What is a Veterinary Assistant?
Veterinary assistants help veterinarians and veterinary techs with numerous tasks including feeding, weighing, cleaning, and caring for animal patients in a veterinary practice.
They may prepare equipment and pass surgical instruments and materials to veterinarians during surgery, as well as move animals and restrain them during testing and other procedures, according to the Bureau of Labor Statistics.
How to Become a Veterinary Assistant
A high school diploma is the minimum requirement to become a veterinary assistant. Additionally, most of the training, if not all, is typically provided on the job,
Certifications and Licenses
Most jobs do not require certification, but the National Association of Veterinary Technicians in America (NAVTA) does offer an AVA certification (Approved Veterinary Assistant).
Additionally, according to the BLS, there are three additional levels of certification. For laboratory animal caretakers seeking work in a research facility, the American Association for Laboratory Animal Science (AALAS) offers all three levels of certification: Assistant Laboratory Animal Technician (ALAT), Laboratory Animal Technician (LAT), and Laboratory Animal Technologist (LATG).
Required Skills for Veterinary Assistants
The basic skill requirements for veterinary assistants include compassion, detail-oriented, dexterity, and physical strength, to be
better able to handle the animals.
Work Environment for Veterinary Assistants
Veterinary assistants work in a variety of settings including private office-based veterinary practices, animal hospitals, shelters, zoos, laboratories, colleges and university facilities.
Like any veterinary career, veterinary assistants must be prepared for potential physical illness or injury caused on the job, such as an aggressive animal kicking, biting, or scratching.

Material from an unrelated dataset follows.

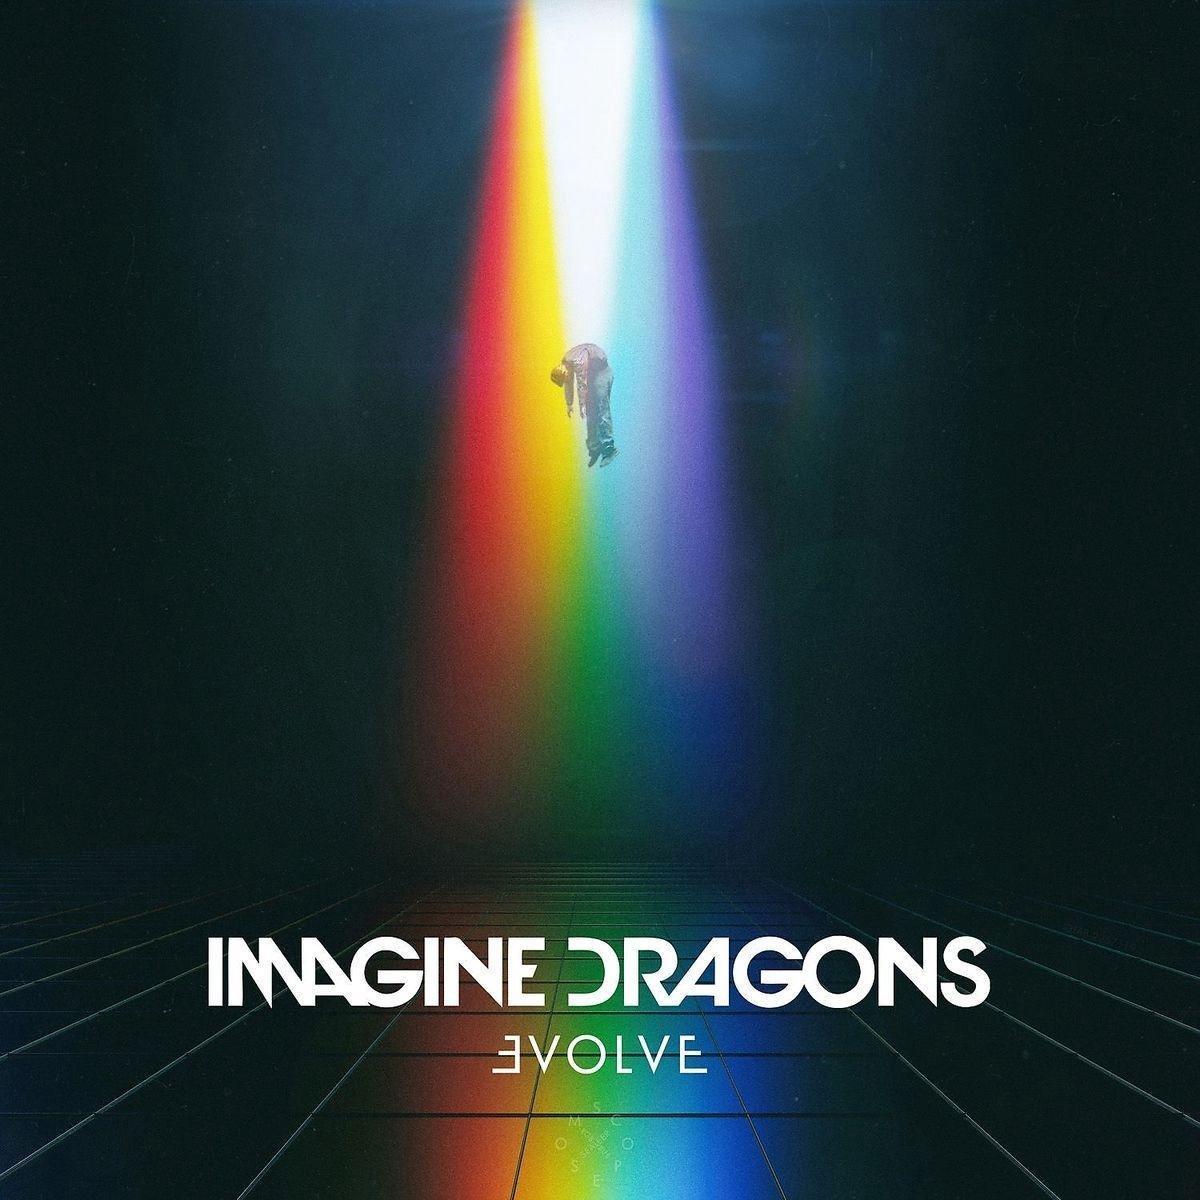 Evolve (LP) - Imagine Dragons

Additionally, veterinary facilities are often open 24 hours a day, 7 days a week, to provide consistent care for the patients. Therefore, veterinary assistants must work weekends, nights, and extended hours.
Job Outlook for Veterinary Assistants
The job outlook for veterinary assistants is projected to be average, with about ten percent growth through 2022. This growth rate is much slower than that projected for other veterinary careers. The reason, according to the Bureau of Labor Statistics, is that, “although veterinary assistants and laboratory animal caretakers will be needed to assist veterinarians and other veterinary care staff, many veterinary practices are expected to increasingly replace veterinary assistants with higher-skilled veterinary technicians and technologists, thus requiring fewer veterinary assistants.”
This projected job growth equates to about 7,100 jobs added upon the 74,600 current veterinary assistants working in the United States.
Average Income for Veterinary Assistants
Because the role of veterinary assistant is obtainable with a high school diploma, and does not require any college education, the compensation is relatively low. As of May 2012, the most recent data available, the median annual income, or midpoint, is about $23,130.
Additionally, the lowest ten percent earned about $17,000, while the top ten percent earned more than $35,000, according to the Bureau of Labor Statistics (BLS).
Moreover, veterinary assistants working in research positions earn slightly more than those in clinics and hospitals.
If you are interested in becoming a veterinary assistant, you may want to also consider other careers in veterinary medicine, such as vet techs or veterinarian.